Je ne dis pas que c’est résolu. Je ne dis pas que le marché s’en souciera comme les gens l’espèrent. Je dis juste que je sais à quel point il est rare que des projets affrontent réellement les compromis difficiles, au lieu de les masquer avec des promesses. Babylon, au moins, semble toucher le bon type de problème.

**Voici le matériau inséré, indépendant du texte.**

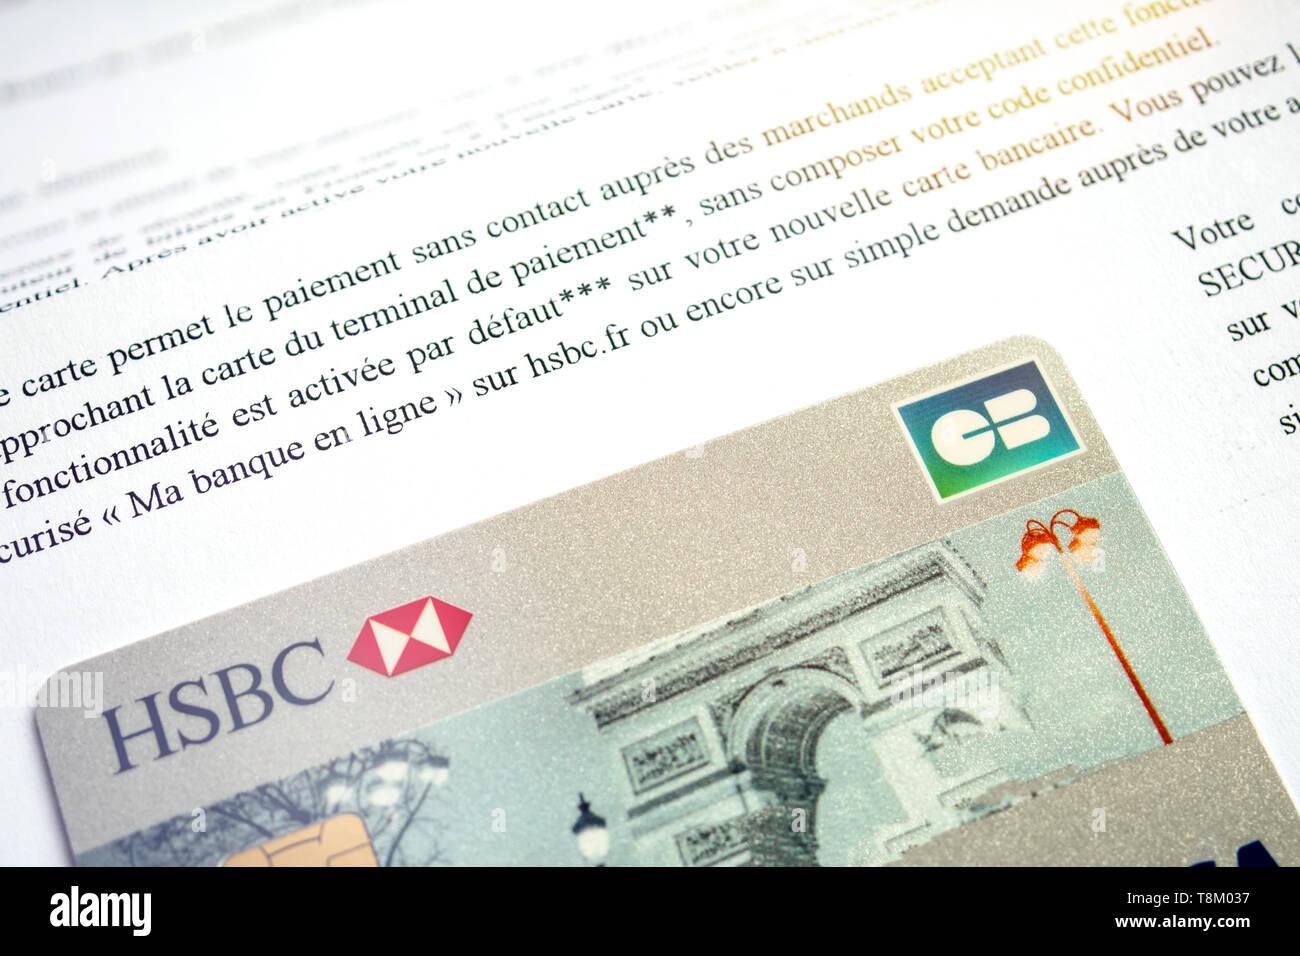 Hsbc Credit Card Stock Photos & Hsbc Credit Card Stock Images - Alamy

Peut-être que c’est tout. Peut-être que ce n’est qu’une idée intéressante de plus qui devra survivre au classique test de la réalité. Mais après suffisamment de cycles, vous apprenez à faire la différence entre le battage et quelque chose qui refuse discrètement de ressembler à du battage. C’est l’un de ces moments où je continue d’observer.
$BABY
@BabylonLabs_io
#baby
J’ai passé assez de temps dans la crypto pour ne plus m’emballer à chaque fois qu’un nouveau projet prétend tout changer. J’ai trop vu de grandes promesses se transformer en silence quelques mois plus tard. Aujourd’hui, je prête davantage attention aux problèmes qu’une équipe essaie de résoudre qu’aux gros titres qu’elle crée. @NewtonProtocol C’est probablement pour ça que @NewtonProtocol est resté dans mon radar. Je suis le Newton Mainnet Beta avec curiosité, pas parce que je pense que c’est garanti de réussir, mais parce que ça semble se concentrer sur quelque chose qui m’a dérangé pendant des années. Les blockchains sont excellentes pour suivre des règles, mais le monde réel est rarement aussi simple. L’écart entre la logique on-chain et les décisions du monde réel a toujours semblé maladroit, et la plupart des projets l’ignorent ou le simplifient à l’excès. $NEWT Je ne suis toujours pas pleinement convaincu, et je pense que c’est une approche saine à adopter face à n’importe quel nouveau protocole. Mais j’apprécie quand une équipe choisit de travailler sur une infrastructure difficile plutôt que de courir après n’importe quel récit à la mode ce mois-ci. Peut-être que Newton Protocol fera ses preuves avec le temps, peut-être que non. Dans tous les cas, c’est l’un des rares projets que je continue à surveiller sans avoir l’impression de me forcer à m’y intéresser. Après avoir observé ce marché à travers autant de cycles, à lui seul, ça veut dire quelque chose. #Newt
J’ai passé assez de temps dans la crypto pour ne plus m’emballer à chaque fois qu’un nouveau projet prétend tout changer. J’ai trop vu de grandes promesses se transformer en silence quelques mois plus tard. Aujourd’hui, je prête davantage attention aux problèmes qu’une équipe essaie de résoudre qu’aux gros titres qu’elle crée.
@NewtonProtocol

C’est probablement pour ça que @NewtonProtocol est resté dans mon radar. Je suis le Newton Mainnet Beta avec curiosité, pas parce que je pense que c’est garanti de réussir, mais parce que ça semble se concentrer sur quelque chose qui m’a dérangé pendant des années. Les blockchains sont excellentes pour suivre des règles, mais le monde réel est rarement aussi simple. L’écart entre la logique on-chain et les décisions du monde réel a toujours semblé maladroit, et la plupart des projets l’ignorent ou le simplifient à l’excès.
$NEWT

Je ne suis toujours pas pleinement convaincu, et je pense que c’est une approche saine à adopter face à n’importe quel nouveau protocole. Mais j’apprécie quand une équipe choisit de travailler sur une infrastructure difficile plutôt que de courir après n’importe quel récit à la mode ce mois-ci. Peut-être que Newton Protocol fera ses preuves avec le temps, peut-être que non. Dans tous les cas, c’est l’un des rares projets que je continue à surveiller sans avoir l’impression de me forcer à m’y intéresser. Après avoir observé ce marché à travers autant de cycles, à lui seul, ça veut dire quelque chose.